According to Fortune, Nitin Tandon, the global chief information officer of investment giant Vanguard, is making aggressive AI bets to address a core imbalance: the firm’s 20,000 employees serve a staggering 50 million clients. With nearly $12 trillion in assets under management, Vanguard is piloting an AI chatbot for client questions and has rolled out generative AI tools like Microsoft Copilot to every employee, achieving a 97% adoption rate. Tandon’s focus areas include creating a future “digital advisor” voicebot, improving fraud detection, and boosting productivity for financial advisors, sales assistants, and developers. He reports that 50% of employees use AI daily, and he measures productivity gains through A/B testing, though he admits harvesting the full quantifiable value “will take a bit longer.” This push follows a major tech overhaul he led, which is 86% complete and included migrating to the public cloud. Separately, Vanguard has invested in AI startups like compliance-focused Norm Ai and generative AI platform Writer.
The classic scale problem
Here’s the thing about Vanguard’s situation: it’s the perfect business case for AI. You have a massive, captive audience that needs personalized attention, but the human labor model simply doesn’t scale. Tandon’s vision of an Alexa-like portfolio advisor isn’t sci-fi; it’s a logical endpoint. The real insight, though, is his pragmatic, two-tiered approach. First, deploy AI internally to make your existing 20,000 people vastly more efficient (hence the 97% adoption). Then, use that learned efficiency to build external-facing products. It’s a smart way to de-risk the tech. You work out the hallucinations and guardrails with employees before you let it loose on clients asking for financial advice. That’s a lesson a lot of companies rushing to public AI chatbots could learn from.
The eternal ROI question
But Tandon nails the central tension for every CIO right now. “The value is quantifiable… Can I harvest that value? Not so much.” That’s the quote that should be on a poster in every C-suite. You can see the productivity spike in an A/B test—a marketer drafts faster, a developer codes more lines. But translating that into hard dollars on the balance sheet, or freeing up FTE budget? That’s messy. His north star—better client outcomes—is right, but it’s a lagging indicator. It feels like we’re in a massive, industry-wide experiment where the spend is clear and upfront, but the payoff is diffuse and long-term. The fact that he consolidated 10 disparate data teams into one before this AI push is telling. You can’t measure the value of your AI if you can’t even measure the value of your data.

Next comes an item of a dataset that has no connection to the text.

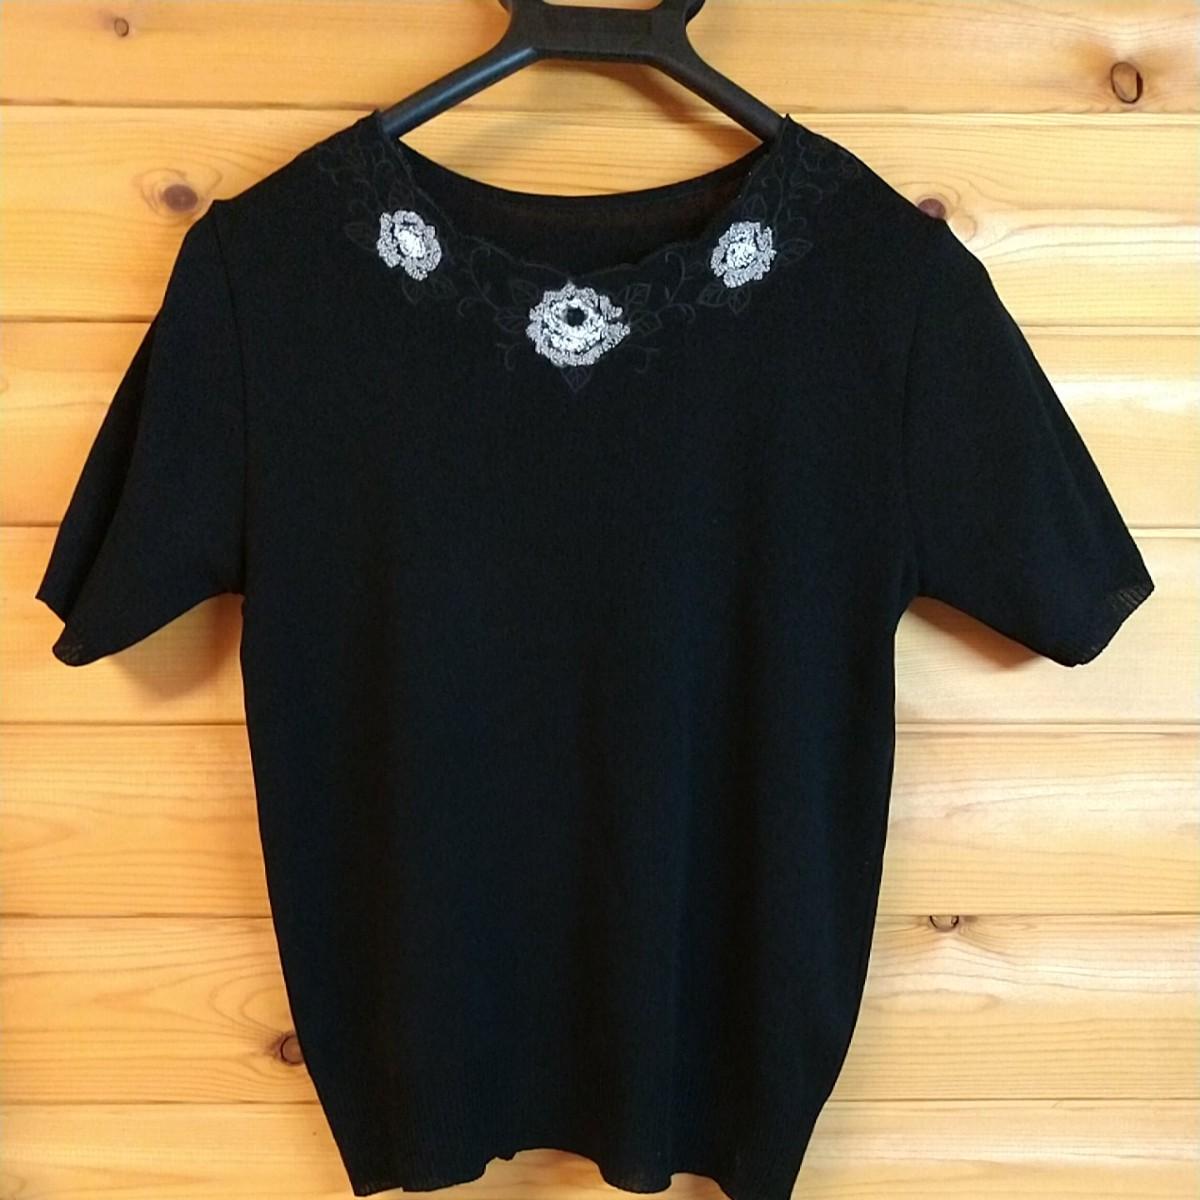 サマーニット トップス 半袖 ブラック花刺繍 昭和レトロ   レディース

The broader tech landscape
This all plays out against the wild backdrop Fortune mentions. OpenAI reportedly seeking a valuation near $800 billion? That’s a staggering number that makes the entire “how do we pay for this compute?” question even more urgent. If the foundational model companies are that expensive, the cost of using their tech will filter down to enterprises like Vanguard. And with New York signing AI regulation that was notably weakened by tech lobbyists, the compliance landscape Tandon has to navigate is being drawn in real-time. His investment in Norm Ai looks prescient in that light. It’s not just about building cool tools; it’s about building and using them within a legal framework that’s still being written.
The human empowerment angle
I think the most compelling part of Tandon’s strategy is his focus on diffusion, not diktat. “Empower people with the right tools and the right training… then they can reimagine their journeys.” That’s the only way this works at scale. You can’t centrally plan every AI use case. You have to let the financial advisors, the sales assistants, the developers—the people who feel the daily friction—figure out how to apply it. That’s how you get beyond simple task automation to actual process transformation. The risk, of course, is chaos and shadow IT. But with a centralized data team and clear guardrails, especially for a regulated entity like Vanguard, it’s a calculated risk worth taking. The alternative is a top-down, clunky AI implementation that nobody uses. And we’ve all seen how well those turn out.